When Polixenes finds out that his son intends to marry Perdita he flies into a fit of madness in which he says to his son, "I am sorry that by hanging thee I can but shorten thy life one week." And to Perdita he says he will have her beauty scratch'd with briers and made more homely than her state, and he will devise a death as cruel for her as she is tender.
The steadfastness of Florizel at this juncture is impressive, he has clearly wrecked matters with his father, but his love for Perdita never wavers, and nor does his desire to do what is right. In his devotion to his future mate, and in his honourable behaviour, he makes a stark contrast with Leontes. Camillo now sets in motion the return to Sicilia, and although his behaviour, involving as it does a sort of double betrayal, is not up to his usual standards of highly moral conduct, he is the agent of the happy ending, and so can be forgiven. Besides, the old man's desire to see his homeland again demands the audience's sympathies.

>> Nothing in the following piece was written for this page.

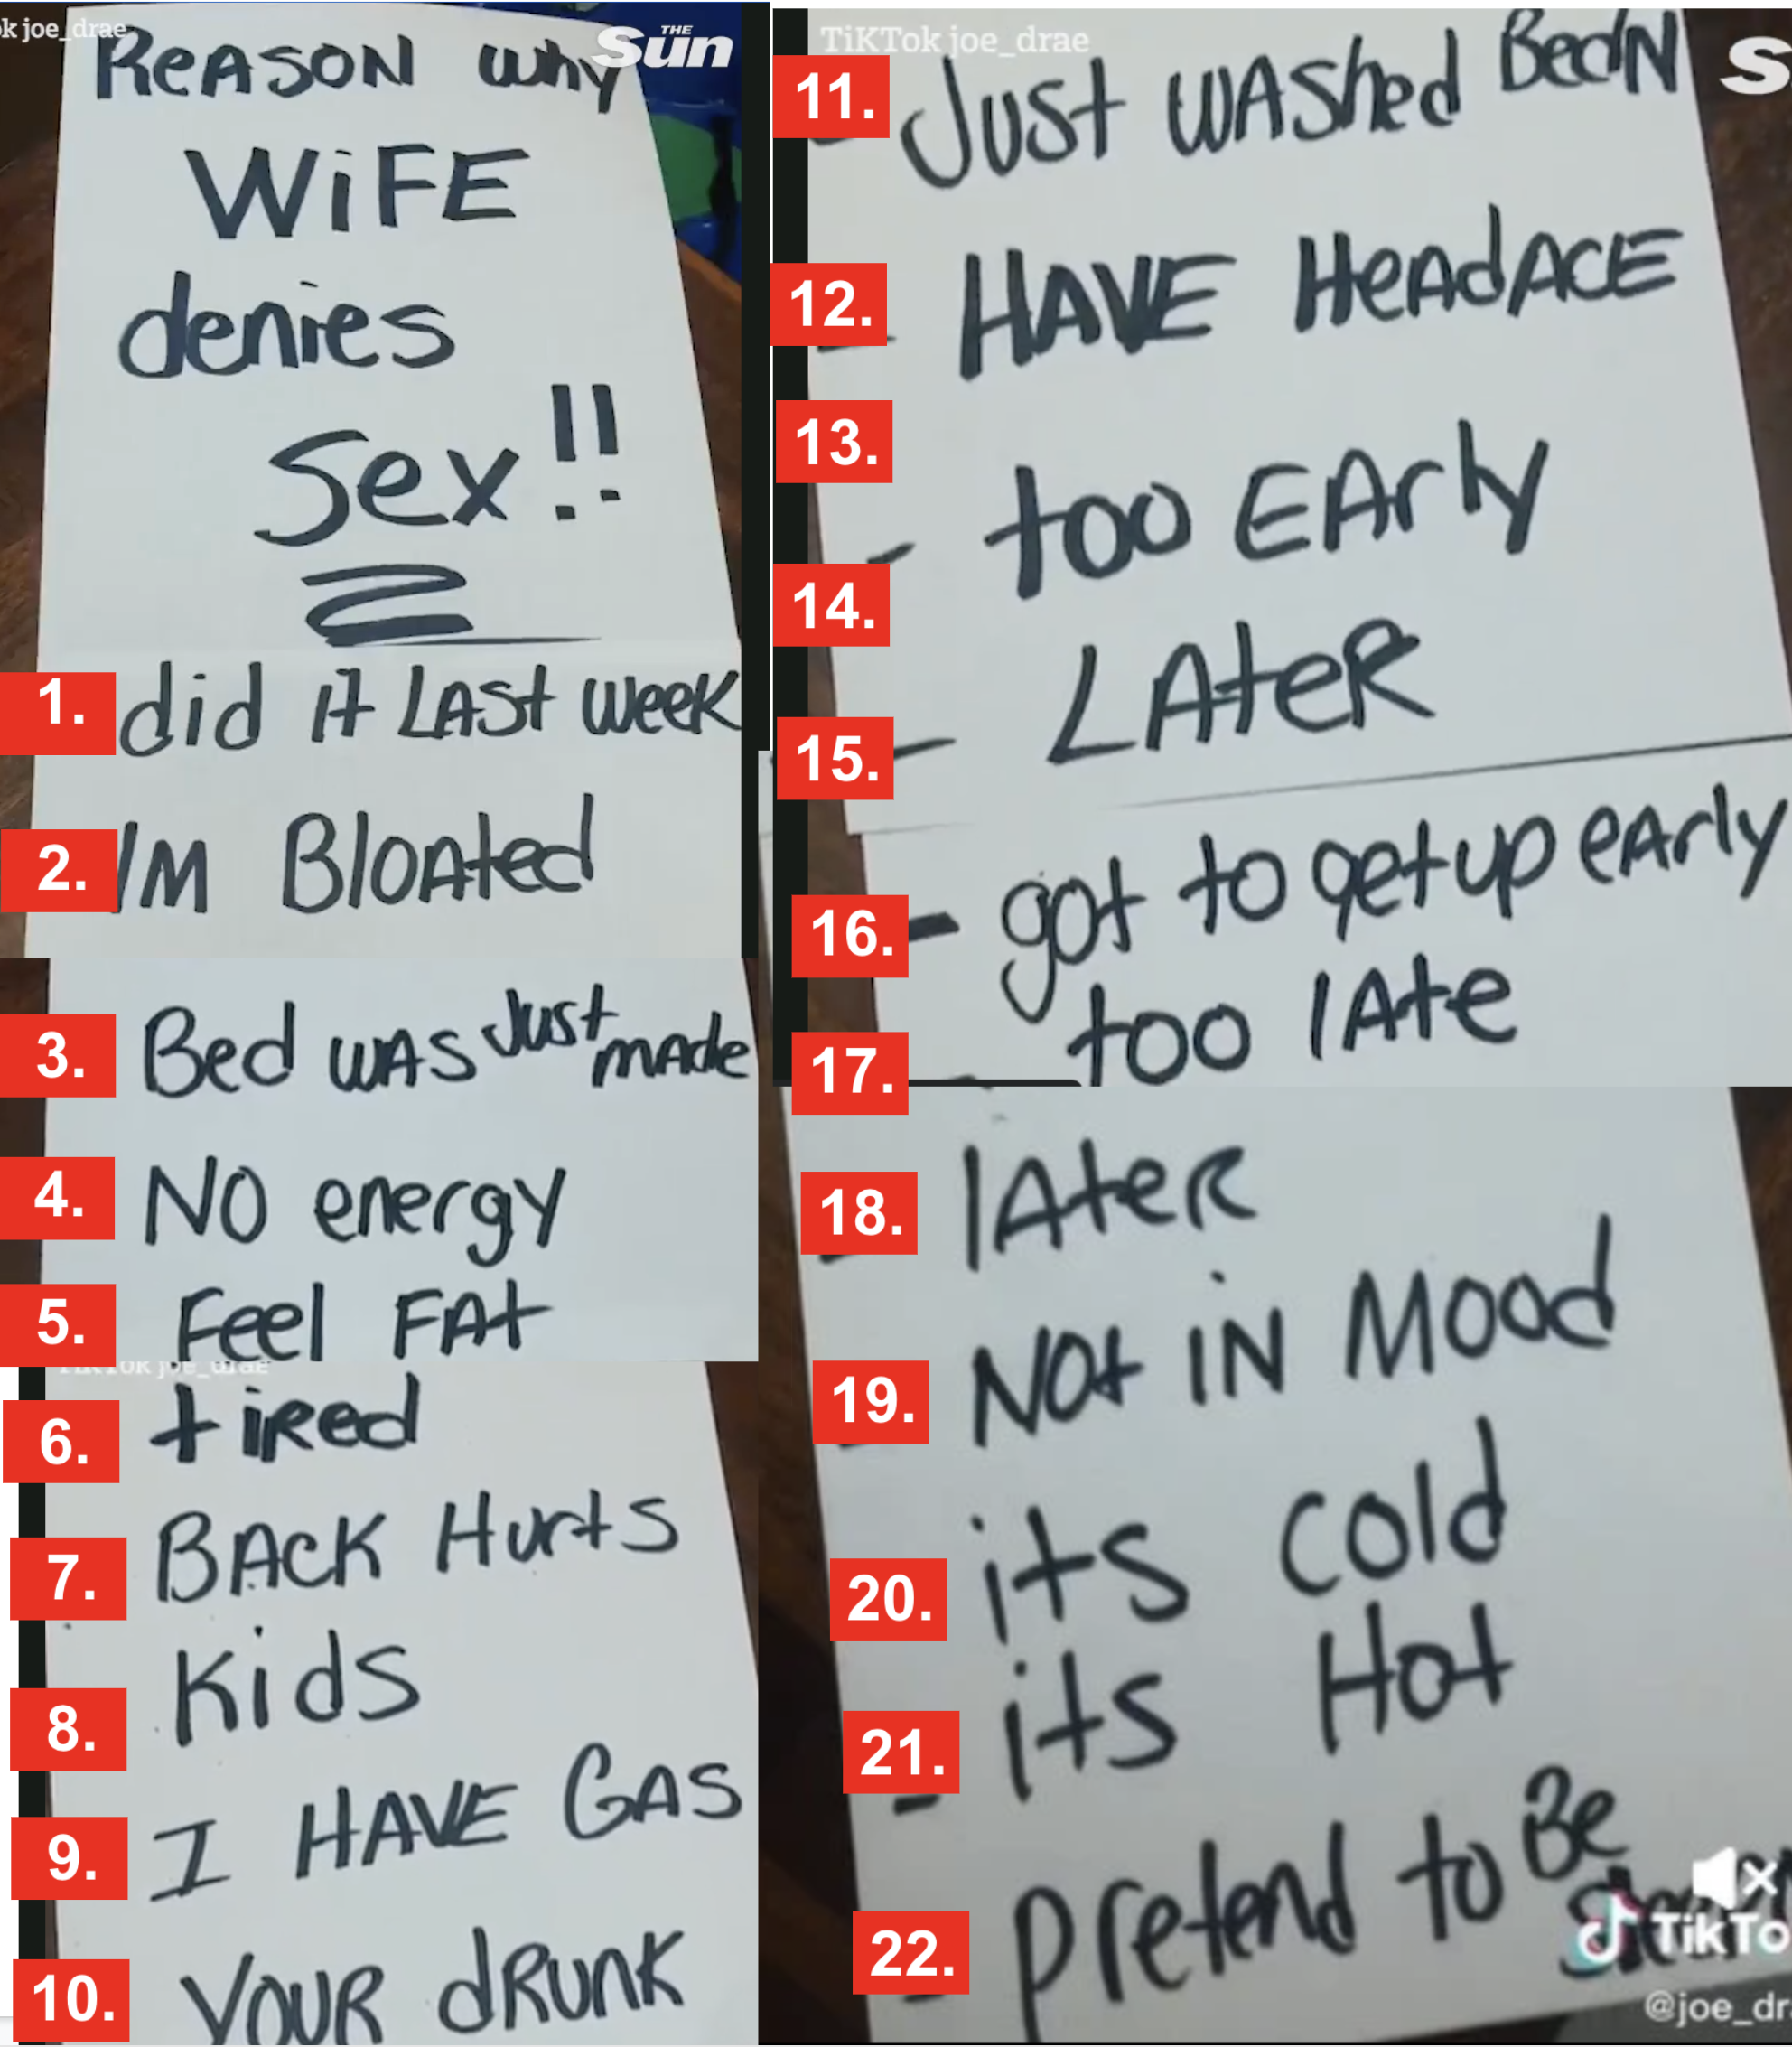 Man's list of wife's reasons for not having sex

Once the decision is made to flee to Sicilia, Autolycus takes over this portion of the play. We are given his philosophy of life, beginning with his statement (after robbing the entire sheep shearing party) that "Ha, ha, what a fool Honesty is! and Trust, his sworn brother, a very simple gentleman!". In a different context or uttered by another character, this statement would have a sinister cast, and so would his justification for not running to tell the king what has happened--"If I thought it were a piece of honesty to acquaint the king withal, I would not do't. I hold it the more knavery to conceal it, and therein I am constant to my profession". This deliberate evil lacks their capacity for harm. None of his crimes have dire consequences, and his "knavery" actually ends up doing everyone a great deal of good, leaving the audience free to delight in his "constancy," and in his bamboozling of the poor Shepherd and his son, whom he terrifies with promises of the king's vengeance: "He has a son, who shall be flayed alive; then 'nointed over with honey, set on the head of a wasp's nest; then stand till he be three quarters and a dram dead; then recovered again...(and) set against a brick wall, the sun looking with a southward eye upon him, where he is to behold him with flies blown to death".
In conclusion, Bohemia indeed provides comic relief for the audience and can definitely be considered as a ‘healing place.’ Although we do encounter tragedy in a sense with the forbidding of Florizel and Perditas’ marriage, there is always a comic interlude to lift the tension and make things appear rather humorous as opposed to menacing and this is thanks to characters like the Clown and Autolycus. The contrast of Bohemia simply compliments Shakespeare’s’ tragic-comedy, theses scenes are awash with singing, dancing love and happiness, Sicilia on the other hand being fraught with despair, jealousy and death.